Meus olhos não entendiam o que estavam vendo e a mente parecia aprisionada em um estupor. Desejei me mover de um salto só para calçada, da calçada para o quintal, do quintal para dentro de casa, de dentro de casa para debaixo do cobertor, que era o lugar mais seguro desde que eu cobrisse bem meus pés para que nenhuma assombração apertasse os meus dedos; mas, antes que eu pudesse levar a cabo o natural instinto de fuga, ela veio do céu como uma rajada de relâmpago, montada em sua vassoura de crina de cavalo e madeira de lei retorcida; deu um rodopio e seus cabelos de lava vulcânica quase tocaram o solo; o ar ao redor ficou mais seco do que a minha garganta e os meus lábios imobilizados.
Parou à minha frente, suspensa; como que montada no próprio diabo, apontou para a escola com o indicador esquerdo curvo e a destra domando as rédeas do louco animal inanimado que cheirava a amoníaco e qualquer outra substância desconhecida.
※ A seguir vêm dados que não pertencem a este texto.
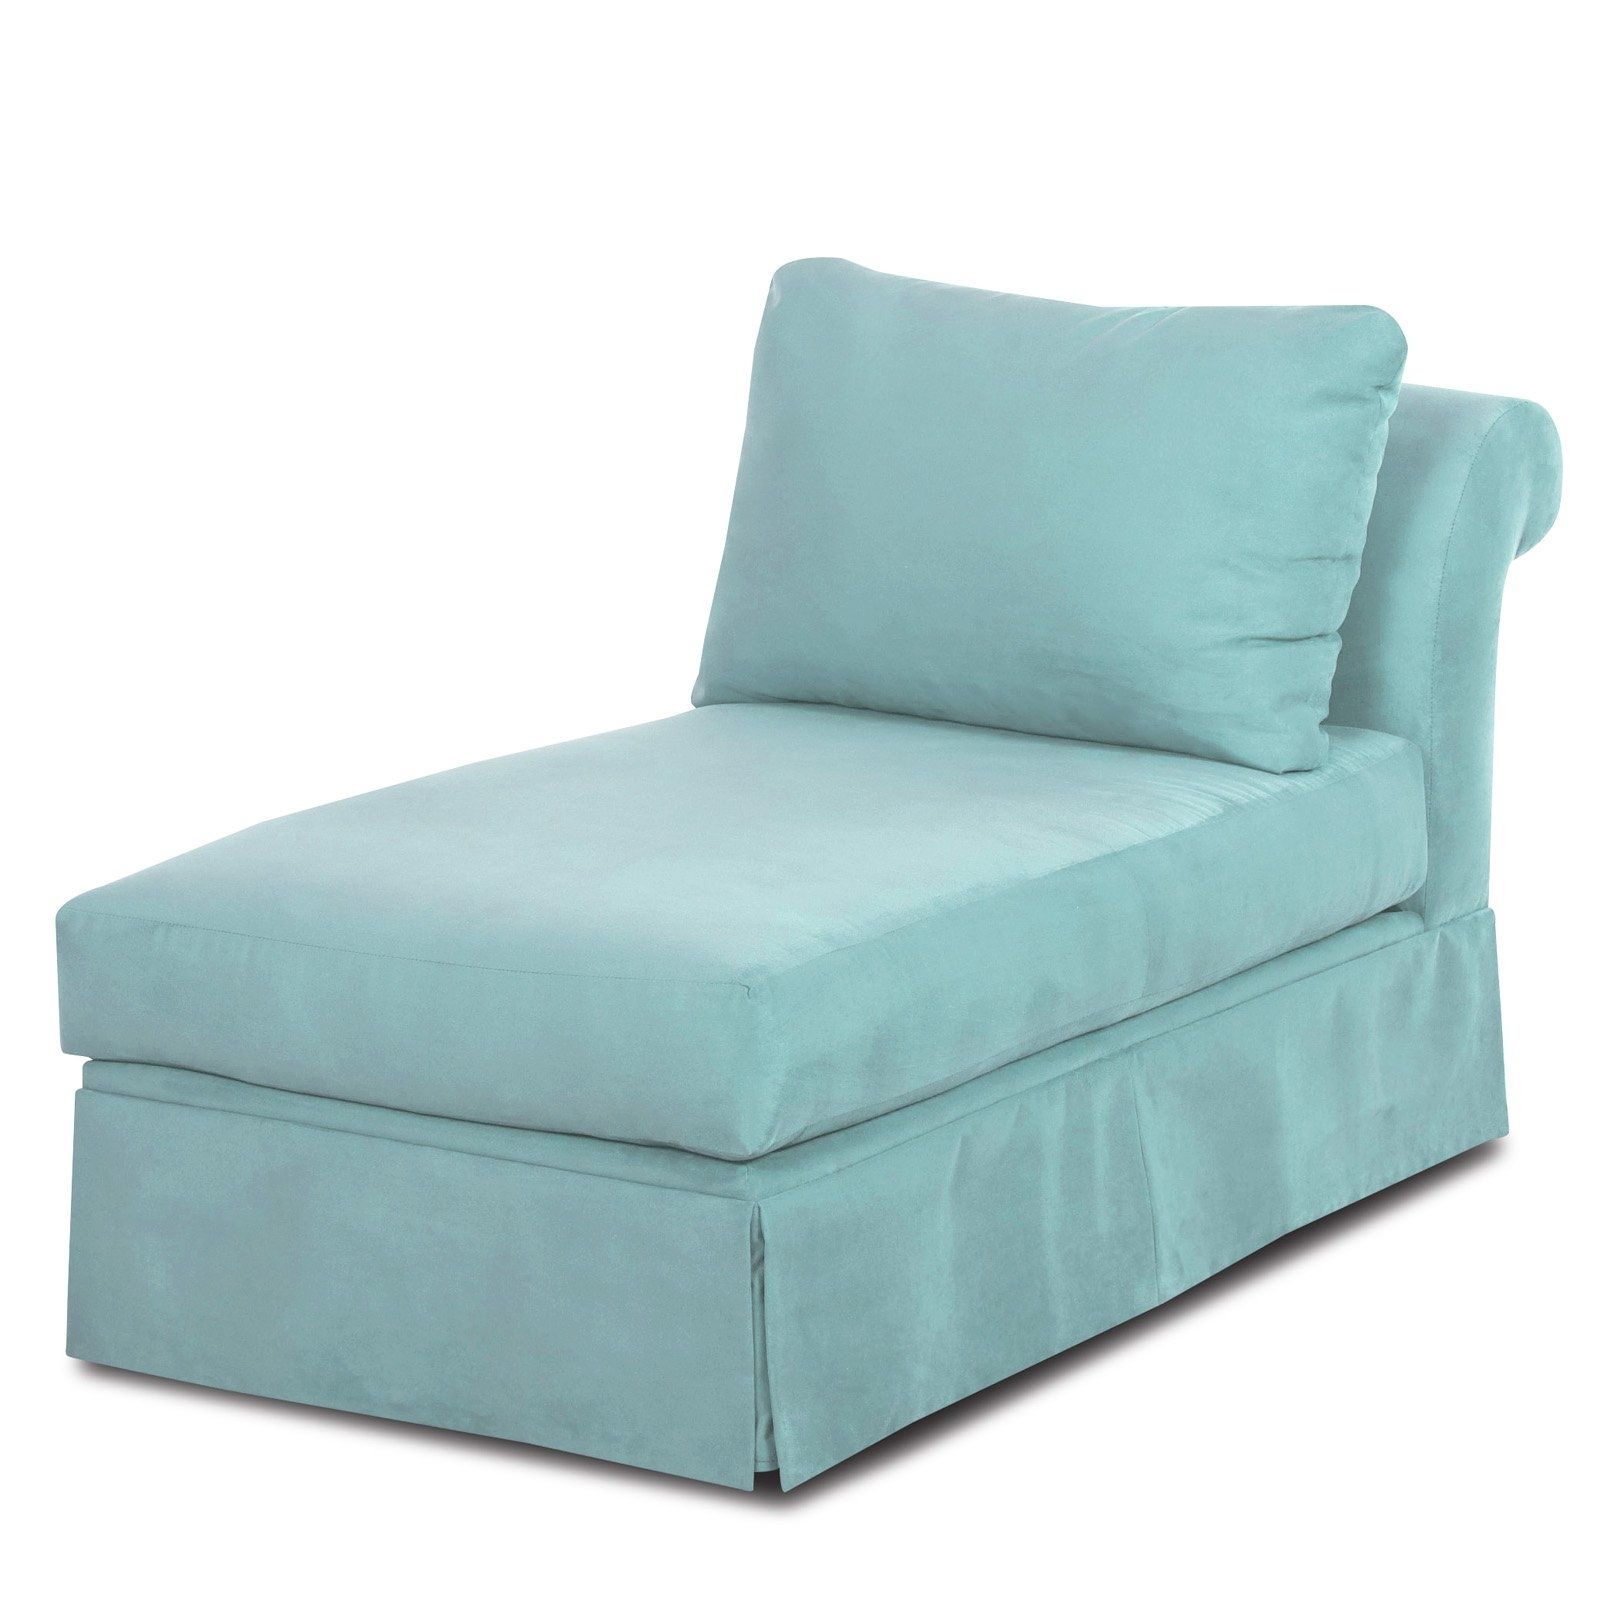 Indoor Chaise Lounge Chairs – Home Designs Ideas Online Throughout Most Popular Indoor Chaise Lounge Slipcovers (View 5 of 15)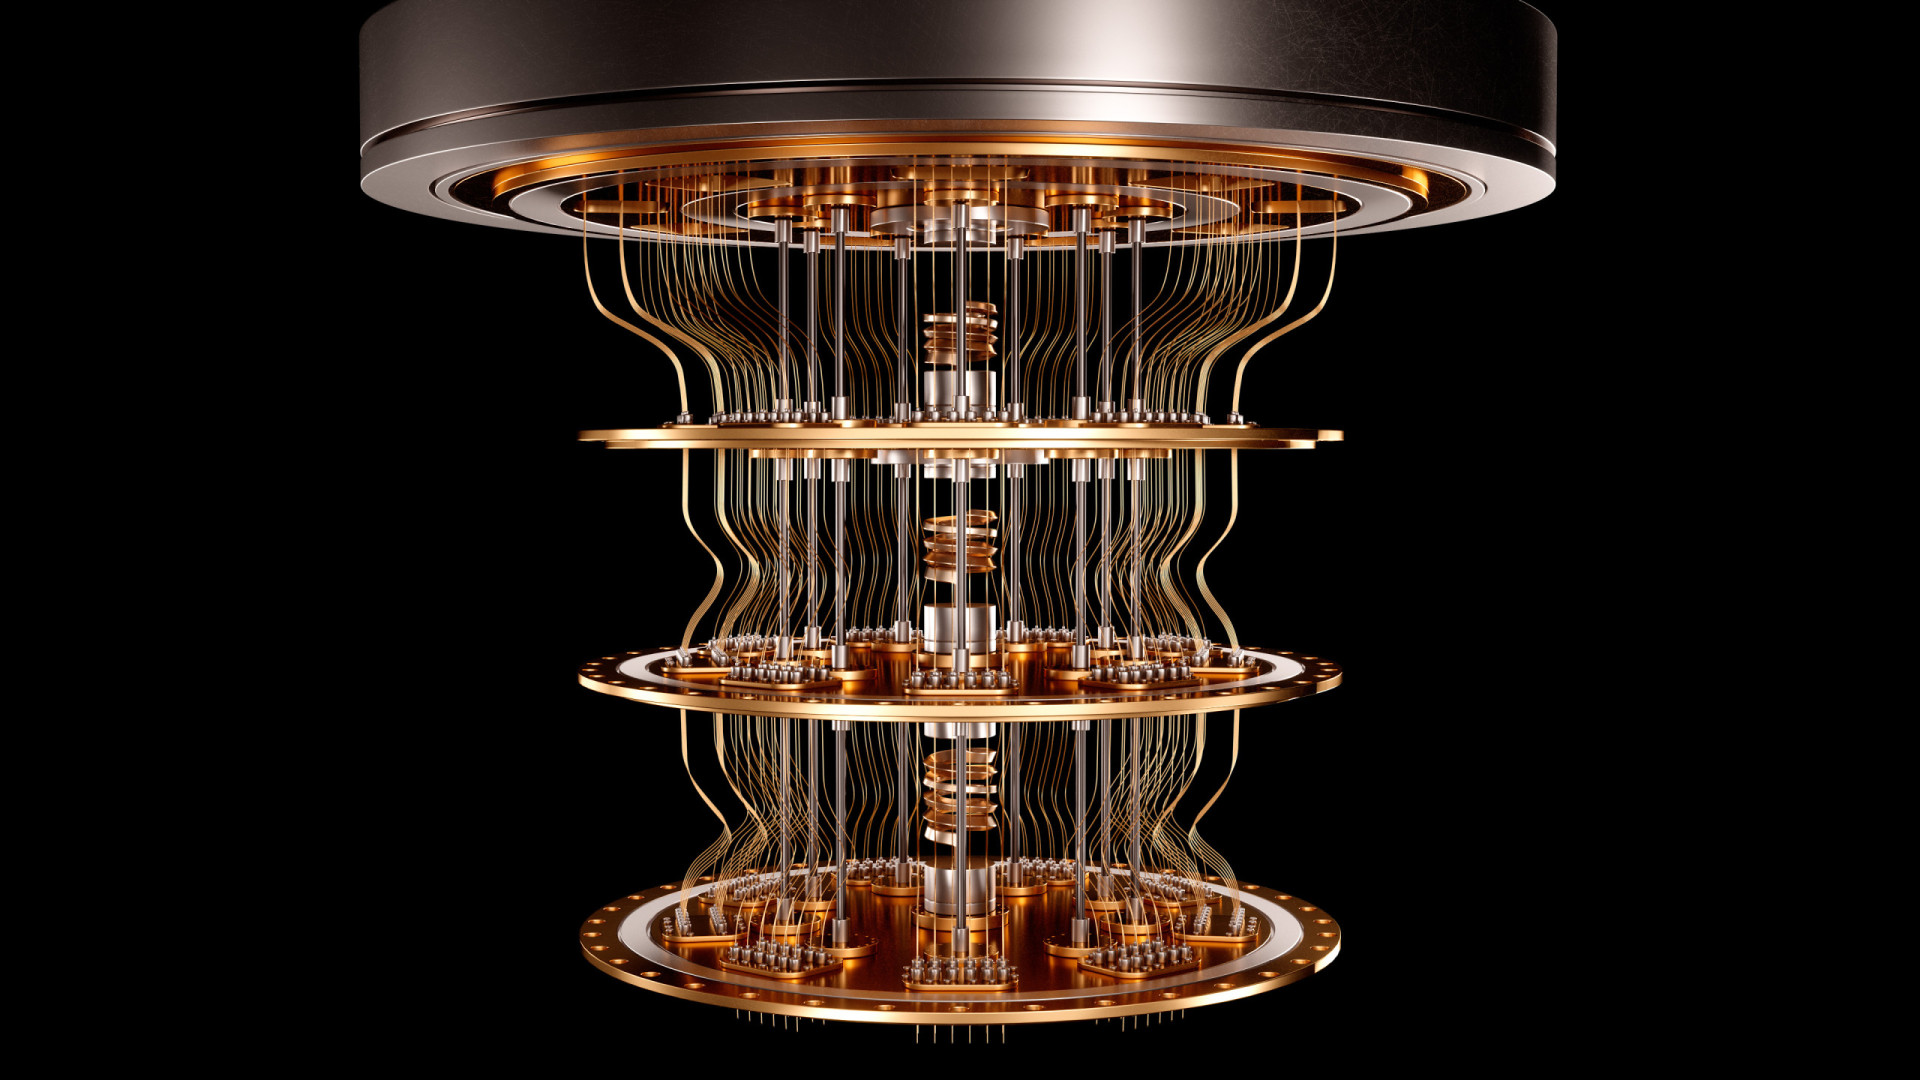 <p>Quantum computing leverages quantum bits or qubits to perform complex computations. It holds the potential to revolutionize fields like cryptography, optimization, and drug discovery by solving problems at unprecedented speeds.</p><p>You may also like:<a href="https://www.starsinsider.com/n/235884?utm_source=msn.com&utm_medium=display&utm_campaign=referral_description&utm_content=635781en-en"> Australia's mythical creatures</a></p>

Fitou meus olhos com suas pupilas totalmente esbranquiçadas, como a ler meus pensamentos, a roubar minha alma ou, ainda pior, subtrair-me a paixão pela vida que me sairia mais cara e cujo débito jamais pagaria.
Senti o chão se abrir sob os meus pés e comecei a cair num profundo abismo de gélidas e espessas trevas. À medida que caía, a velocidade se tornava vertiginosa e o ar me golpeava duramente, como se as gotículas de chuva repentinamente principiada fossem minúsculas e afiadíssimas lâminas que retalhavam invisivelmente o meu corpo.
Girando em queda livre, percebi que ela vinha me perseguindo – não a via, mas distinguia claramente em um ponto ainda distante o brilho lânguido de suas mechas vulcânicas que transformavam em vapor as gotas de água e, assim, iam desenhando um luminoso efêmero caminho em espiral.
Em poucos instantes, senti cada vez mais perto o seu hálito selvagem, e não sei como também tinha a certeza de que mais próximo ainda estava o fim da queda.
Foi então que vi um chão de um concreto selado com piche crescendo em minha direção. Meu coração batia como se fosse romper o peito, mas os ossos o oprimiam e essa sensação fazia com que eu sentisse falta de ar.
“A hora!… A hora!” – uma voz longínqua num estranho idioma anunciava o momento derradeiro. O chão estava a segundos de minha face e unhas afiadas eram cravadas em meu ombro, que ardia a cada toque.
Tentei dar um grito, mas não consegui; no súbito instante abri os olhos e senti que Mimi Rousseau, concupiscente, acariciava meus cabelos atrás da nuca, enquanto dizia: “Oh, my little boy, you had a nightmare. It’s time to wake… It’s time to wake”…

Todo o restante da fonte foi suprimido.